- Karns
- Coordinates: 40°37′49″N 79°42′13″W﻿ / ﻿40.63028°N 79.70361°W
- Country: United States of America
- State: Pennsylvania
- County: Allegheny
- Township: Harrison
- Elevation: 817 ft (249 m)

= Karns, Pennsylvania =

Unincorporated community in Pennsylvania, U.S.

Karns is an unincorporated community in Harrison Township, Allegheny County, Pennsylvania, United States; it is located in Western Pennsylvania within the Pittsburgh Metropolitan Statistical Area, approximately 24 mi northeast of Pittsburgh. Karns is situated along the Allegheny River at Pool 4 across from Jacks Island just above Lock and Dam 4 between Natrona, Natrona Heights, and Sligo. The elevation of Karns is 817 feet above sea level.

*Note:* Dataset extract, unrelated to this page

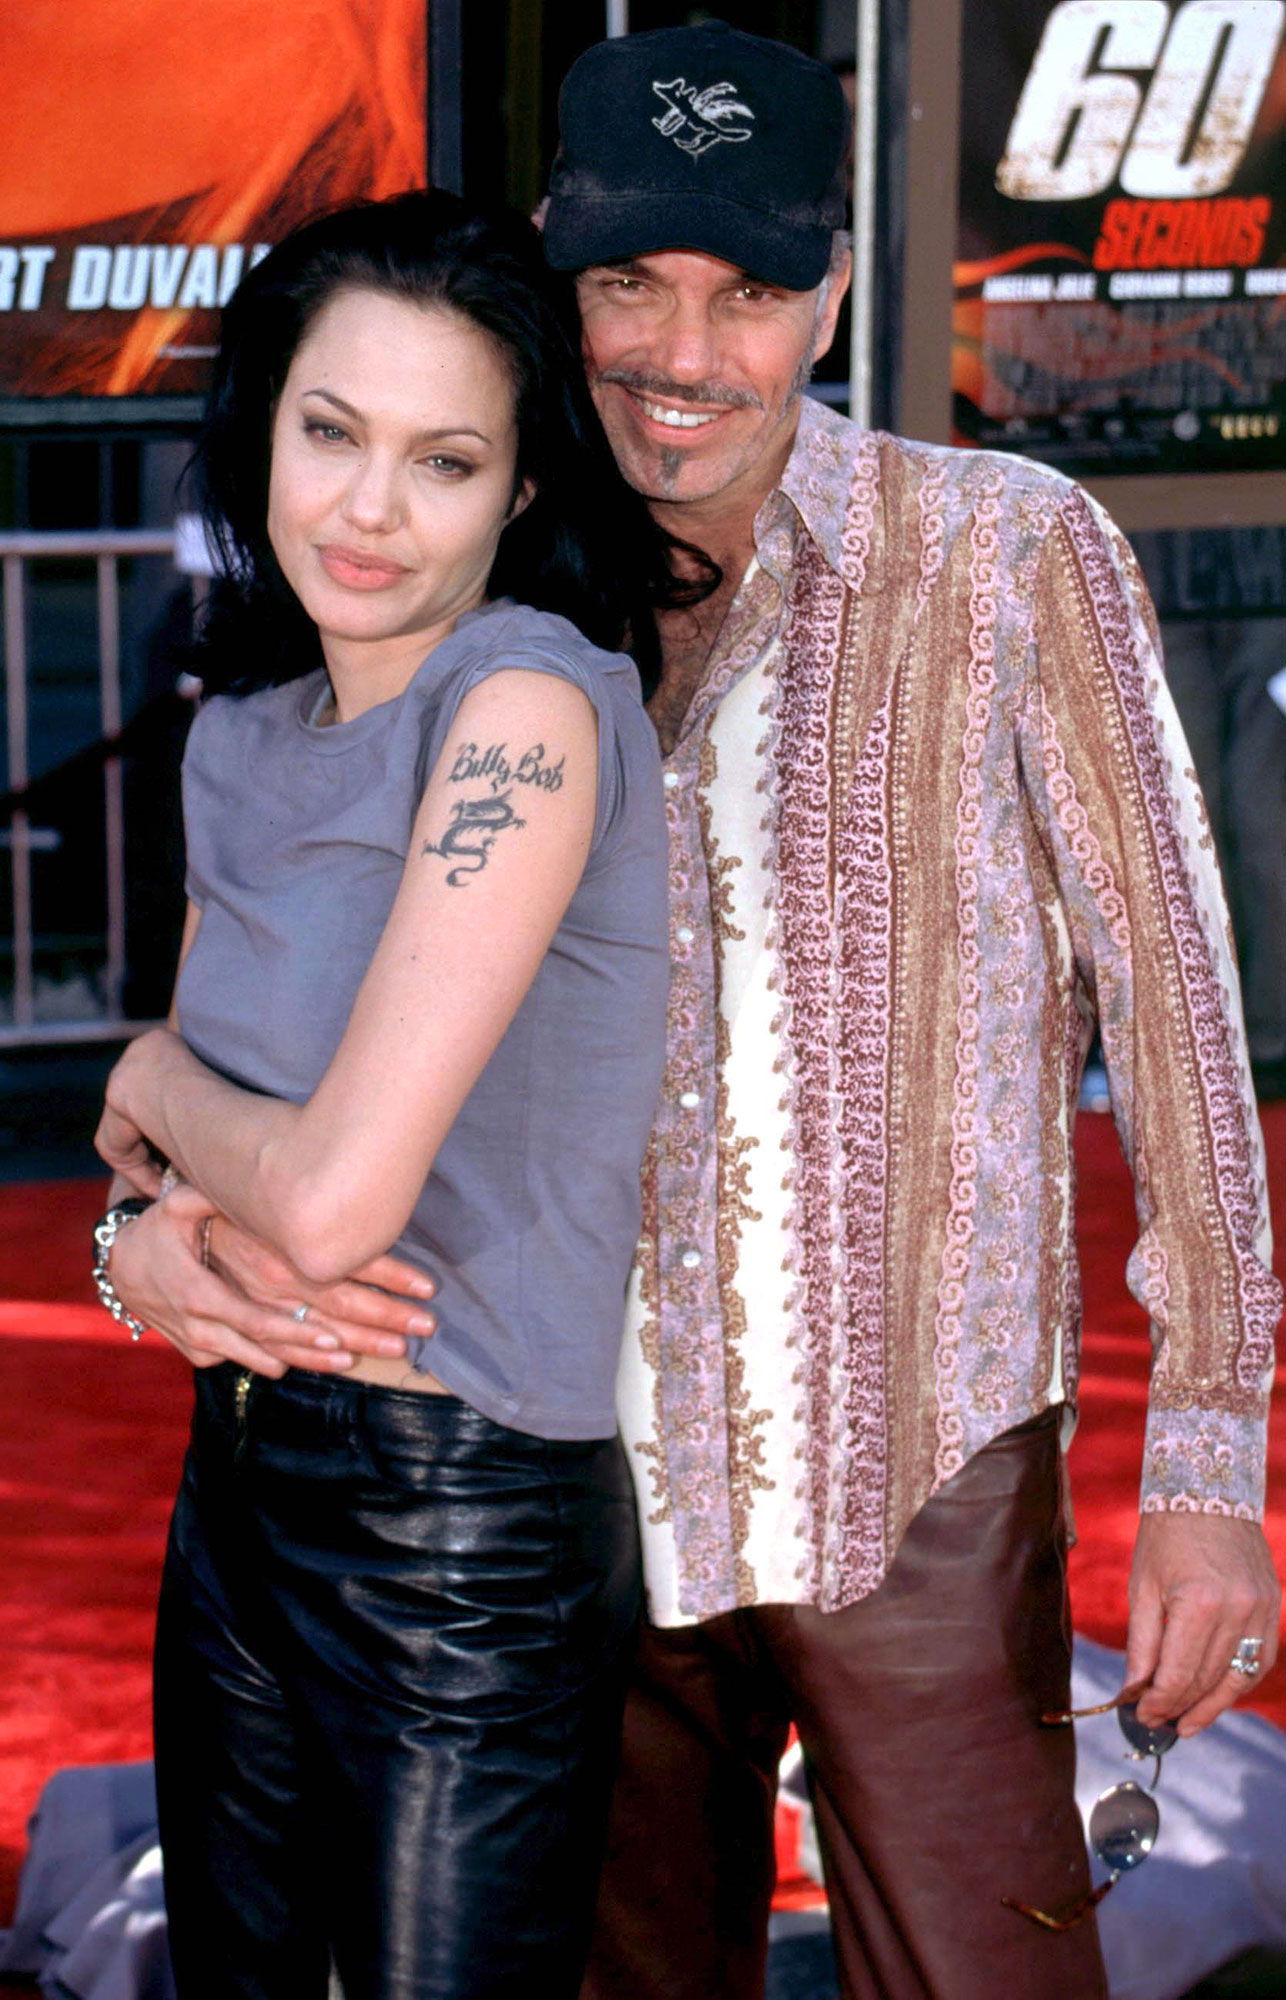 Jolie dating angelina Angelina Jolie

The postal ZIP code is 15065, while the telephone area codes are 724 and 878; although the code 878 is not used.

==History==

The Pennsylvania Railroad ran through Karns, which had a small station; nearby stations were also at Sligo and Natrona.

==Education==

The community is located within the Highlands School District. Highlands High School and Highlands Middle School are located in Natrona Heights. Air pollution levels (particularly chromium) measured in Karns area schools are among the worst in the United States.